WHAT THE TASK ASKS: Report back every line in the data that includes the string "Home".
==== GIVEN DATA ====
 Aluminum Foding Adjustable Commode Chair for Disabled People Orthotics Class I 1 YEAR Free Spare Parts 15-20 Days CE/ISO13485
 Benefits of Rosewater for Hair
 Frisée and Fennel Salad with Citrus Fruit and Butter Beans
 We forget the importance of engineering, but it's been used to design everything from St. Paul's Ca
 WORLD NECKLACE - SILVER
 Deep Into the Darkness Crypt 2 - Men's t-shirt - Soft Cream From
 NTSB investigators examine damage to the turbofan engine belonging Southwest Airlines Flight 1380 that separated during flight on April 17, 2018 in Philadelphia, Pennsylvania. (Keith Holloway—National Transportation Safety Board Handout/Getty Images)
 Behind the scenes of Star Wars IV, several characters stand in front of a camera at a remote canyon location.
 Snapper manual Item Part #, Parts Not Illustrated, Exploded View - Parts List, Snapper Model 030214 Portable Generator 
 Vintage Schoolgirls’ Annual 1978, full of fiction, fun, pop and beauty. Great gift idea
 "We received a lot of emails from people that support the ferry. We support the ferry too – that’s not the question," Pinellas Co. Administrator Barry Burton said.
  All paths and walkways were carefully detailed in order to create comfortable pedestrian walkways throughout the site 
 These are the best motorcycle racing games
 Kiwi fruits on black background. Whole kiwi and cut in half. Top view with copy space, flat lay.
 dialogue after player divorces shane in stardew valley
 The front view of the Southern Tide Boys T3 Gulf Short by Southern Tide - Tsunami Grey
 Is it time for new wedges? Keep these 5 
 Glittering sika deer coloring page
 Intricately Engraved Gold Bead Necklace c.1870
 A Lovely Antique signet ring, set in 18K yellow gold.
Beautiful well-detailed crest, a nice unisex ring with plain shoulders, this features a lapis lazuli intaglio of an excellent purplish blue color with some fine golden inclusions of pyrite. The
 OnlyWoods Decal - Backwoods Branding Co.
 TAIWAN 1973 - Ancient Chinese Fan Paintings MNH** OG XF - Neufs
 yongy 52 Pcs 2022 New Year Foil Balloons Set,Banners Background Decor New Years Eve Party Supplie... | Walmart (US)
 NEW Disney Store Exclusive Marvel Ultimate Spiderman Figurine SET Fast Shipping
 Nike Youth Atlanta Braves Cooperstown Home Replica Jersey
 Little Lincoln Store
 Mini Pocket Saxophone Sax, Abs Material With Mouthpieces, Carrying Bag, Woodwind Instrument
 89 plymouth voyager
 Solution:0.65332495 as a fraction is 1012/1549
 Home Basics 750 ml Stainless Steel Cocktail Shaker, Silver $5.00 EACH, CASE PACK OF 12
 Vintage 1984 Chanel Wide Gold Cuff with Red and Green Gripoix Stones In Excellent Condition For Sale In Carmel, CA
====
ANSWER FOR THIS EXERCISE:
 Nike Youth Atlanta Braves Cooperstown Home Replica Jersey
 Home Basics 750 ml Stainless Steel Cocktail Shaker, Silver $5.00 EACH, CASE PACK OF 12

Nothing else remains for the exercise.